Дамоклес взвился. «Сейчас вышвырну ее вон! Надо вышвырнуть ее вон! Пусть выкатывается отсюда! Или нет? Еще не хватало, чтобы она побежала к Димитрису и провела вечер в его объятиях. Тогда Димитрис выиграет, а что будет со мной? Нет, не буду ее выгонять», — решил он.

В это мгновение Дамоклес увидел, что его любовница приняла в кресле свою любимую позу, настолько отработанную, что она совсем ничем не отличалась от той, в какой Нана сидела здесь же сорок восемь часов назад и в какой сидела в первый свой приход в эту квартиру. Она превратила мебель, придуманную для отдыха, в постамент для произведения искусства, каким была она сама — Нана — в своей самой непредсказуемой, самой сексуальной ипостаси. Скульптура называлась «Извращение». Нана изначально придумала эту позу для максимального обозрения своего тела, которое иначе оставалось бы в основном скрытым от глаз, не говоря уж о туфельке с опасно тонким каблучком, сброшенной с прекраснейшей из ножек, никак не способствовавшей нормализации кровяного давления у зрителя.

Дамоклес, едва не сведенный с ума своими абсурдными, но уже привычными размышлениями, не мог устоять перед Наной. Позу ее он рассматривал как одну из стрел во внушительном арсенале Эроса, созданную, чтобы насыщать голодный взгляд и жаждущую душу любовника — его собственные душу и взгляд. Однако от его самообладания не осталось и следа, едва ему в голову пришла мысль, что, как потрясающий знаток своего дела, Нана не остановится перед тем, чтобы точно такими же трюками пробуждать голод Димитриса. Молчание нарушила Нана, с хрипотцой в голосе спросившая, нельзя ли ей высказать одно пожелание.

— Ты же моя гостья. Зачем спрашивать? Разве я когда-нибудь что-нибудь запрещал тебе?

— Нет. Но в таком положении я не могу курить.

— Тогда сядь по-другому.

— Мне не хочется двигаться. Ты же знаешь, я принимаю эту позу не для того, чтобы поэффектнее себя подать, а потому, что так мне удобнее. Ты даже не представляешь, до чего я устала.

— Нана, не надо. Трудно представить более неудобную, более неестественную позу для человека, который жаждет отдыха.

— Ну нет, Дамоклес, эта поза мне удобна, потому что она естественна.

— Ладно. А от меня ты чего хочешь? — недоуменно спросил Дамоклес.

— Встань рядом со мной на колени и подай мне сигарету, а я буду долго, с удовольствием выдыхать дым. И считай до двенадцати перед каждой затяжкой.
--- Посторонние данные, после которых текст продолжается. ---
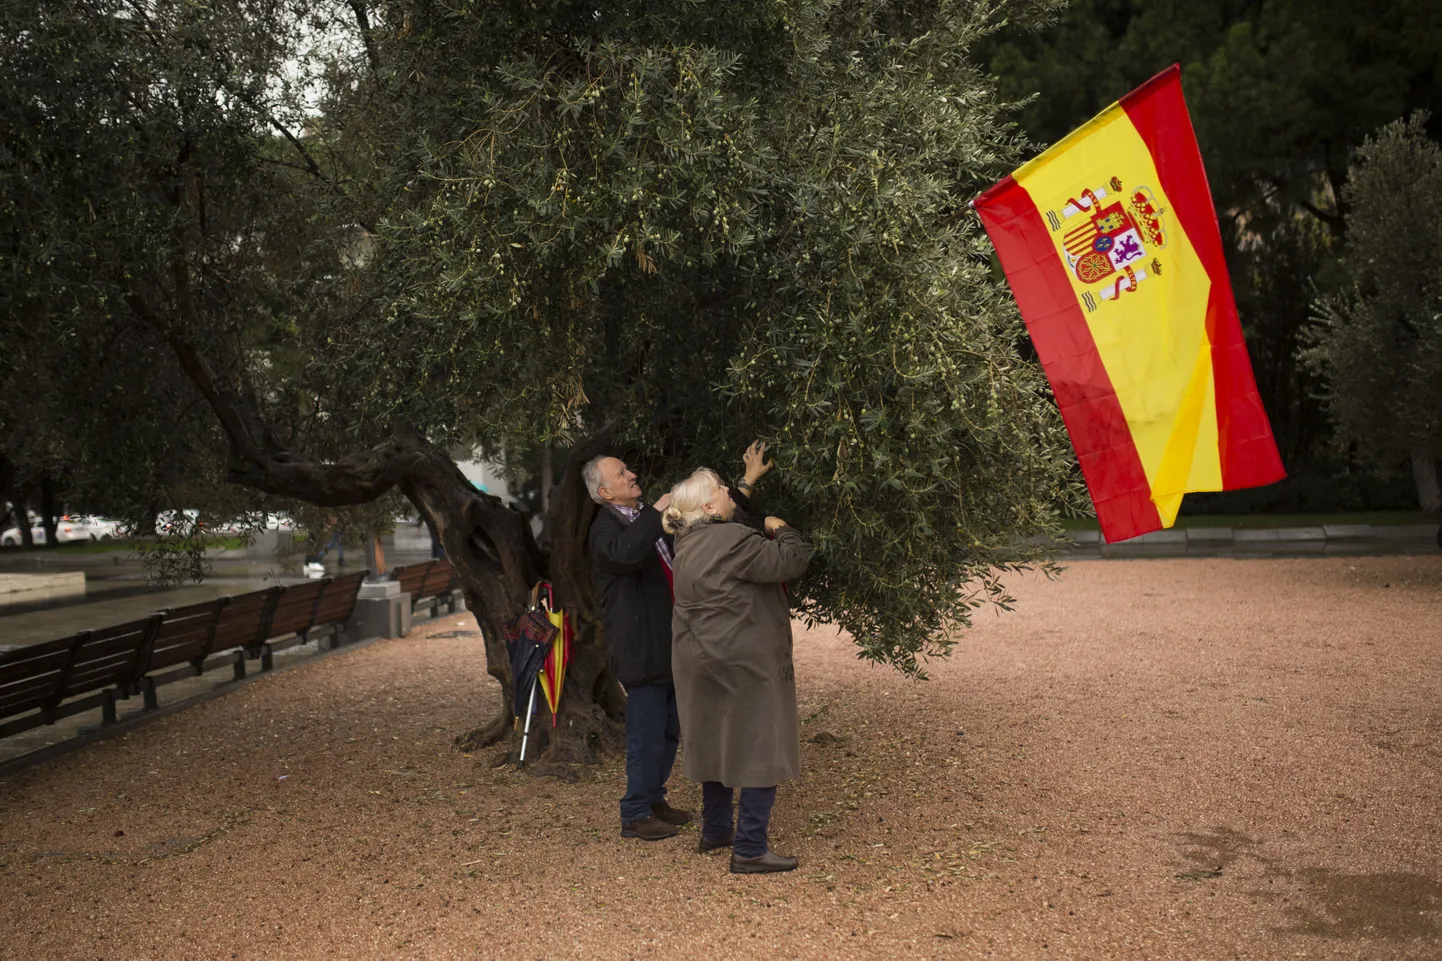 Hispaania ühtsuse toetuseks on üle selle maa, sealhulgas ka Kataloonias, välja ilmunud järjest rohkem riigilippe. Pildil kinnitatakse Hispaania lippu oliivipuu külge Madridi Kolumbuse väljakul.

«Наверно, она и вправду устала, — пожав плечами, подумал Дамоклес. — Что ж, ничего удивительного, если ночью она была «немножко возбуждена». Но в этой позе даже гимнастки вряд ли стали бы отдыхать». Даже понимая, что она дурачит его как никогда прежде, даже злясь на ее небывалую наглость, на бесстыдное позерство, он, сам не понимая как, опустился на колени рядом с ней и взял сигарету. Выкурив три сигареты все в той же позе, Нана ощутила голод. Наконец-то наступил великий момент. Пасхальный суп — триумф Дамоклеса.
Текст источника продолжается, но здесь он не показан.